I disagree with StuckAtHome, the coosa isn't the only boat to stay dry in. I stay dry in my Hobie... except for when it rains on me... like it did yesterday evening  . My feet get wet when I launch and land, other than that I stay dry. Only time I've ever sat in water in my Hobie was when I was in the ocean... and the waves tend not to get so big here in Ohio. I can even handle boat wakes without getting wet. The other distinct advantage of a Hobie is that the pedal-drive system eliminates getting dripped on by the paddle. The Future Beach is dry as well... my wife would never have gone out in it if she had to sit in water. I would think that some simple scupper plugs would keep just about any SOT kayak dry in calm conditions.


----------



## streamstalker (Jul 8, 2005)

The seat in the Ultimate sits on top of the tunnel hull. You would need to put about twenty gallons of water in it to get your butt wet. You can get a bit of water in from a big chop like MikeA mentioned, but I found that adding the front spray cover eliminated almost all of that. If you've got that much chop, what are you doing on the lake anyway?...Life sucks and it's time to go home. It doesn't drain like a SOT, so you do have to sop up the water that you drag in with your feet. I keep a towel on both sides of the tunnel hull and wring them out periodically.


----------



## nethersdoug (Feb 16, 2010)

Ok Outdoor Source [ Columbus Oh ] has a Native Watercraft Ultimate 12 for $799. Does that sound about right for a new one? Anyone know of a used one for sale by the way?


----------



## jlieder (Jul 23, 2010)

RebelWithACause122 said:


> I disagree with StuckAtHome, the coosa isn't the only boat to stay dry in.

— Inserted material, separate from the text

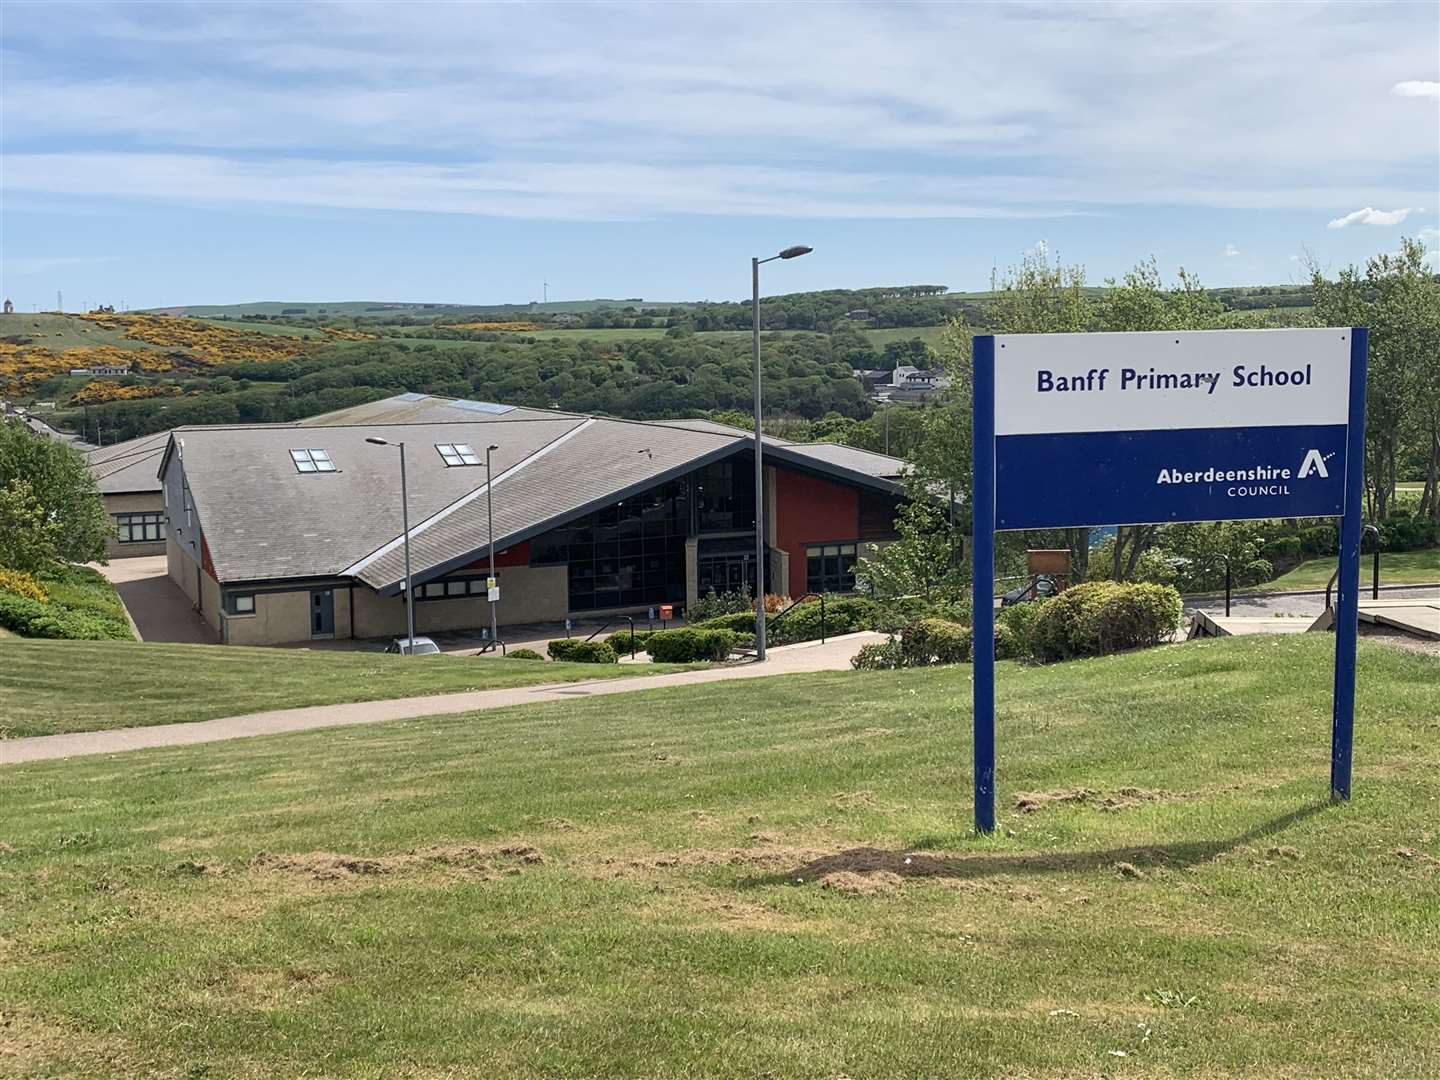 Banff and Buchan councillors have scrutinised the latest follow-up inspection report for Banff Primary School.

I stay dry in my Hobie... except for when it rains on me... like it did yesterday evening  . My feet get wet when I launch and land, other than that I stay dry. Only time I've ever sat in water in my Hobie was when I was in the ocean... and the waves tend not to get so big here in Ohio. I can even handle boat wakes without getting wet. The other distinct advantage of a Hobie is that the pedal-drive system eliminates getting dripped on by the paddle. The Future Beach is dry as well... my wife would never have gone out in it if she had to sit in water. I would think that some simple scupper plugs would keep just about any SOT kayak dry in calm conditions.


Malibu makes a very dry ride as well....my butt don't get wet!


----------